:: INFORMATION GIVEN ::

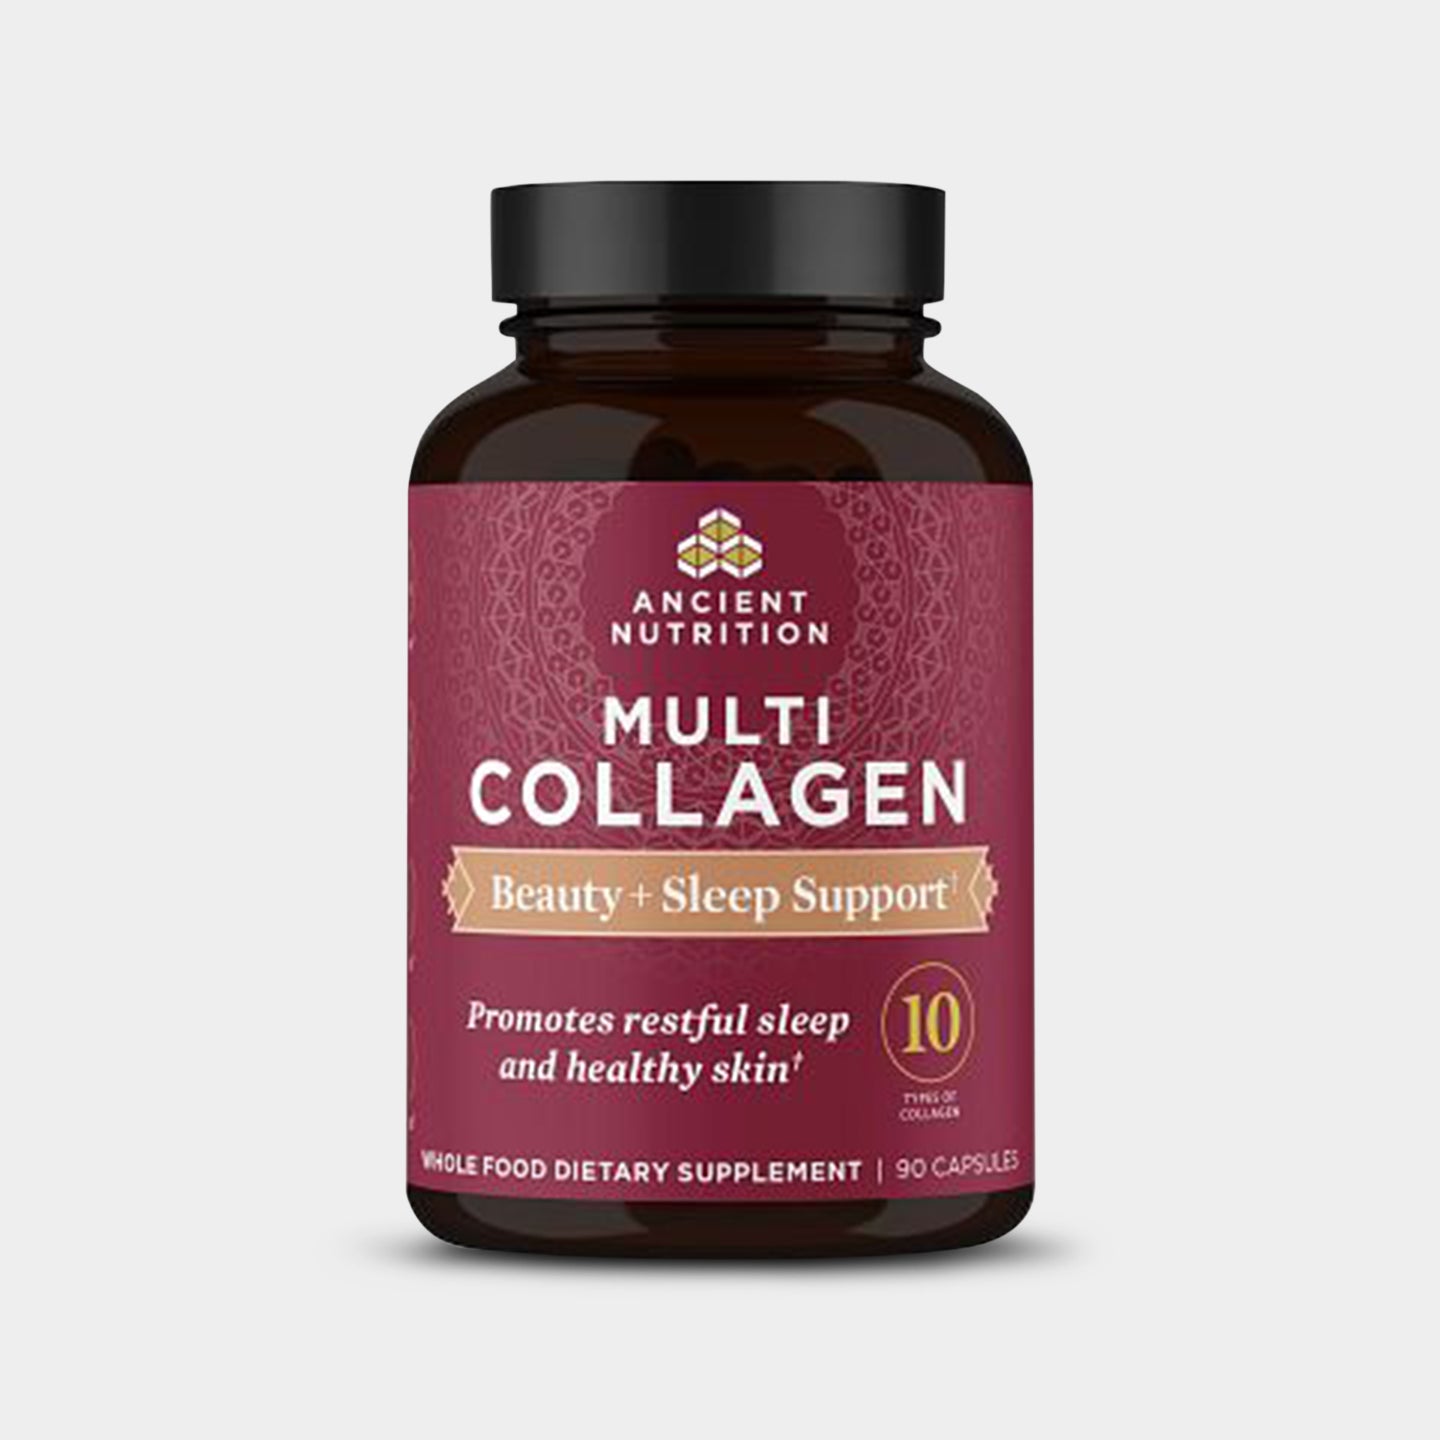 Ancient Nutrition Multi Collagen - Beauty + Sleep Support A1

:::
:: INFORMATION GIVEN ::

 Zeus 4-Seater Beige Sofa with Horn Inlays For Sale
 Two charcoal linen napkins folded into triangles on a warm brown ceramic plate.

:::

## TASK DESCRIPTION
From the entries above, return exactly the line containing "Zeus 4-Seater Beige", the line containing "Two charcoal linen", and all lines between, and nothing else.

## TASK RESULT
 Zeus 4-Seater Beige Sofa with Horn Inlays For Sale
 Two charcoal linen napkins folded into triangles on a warm brown ceramic plate.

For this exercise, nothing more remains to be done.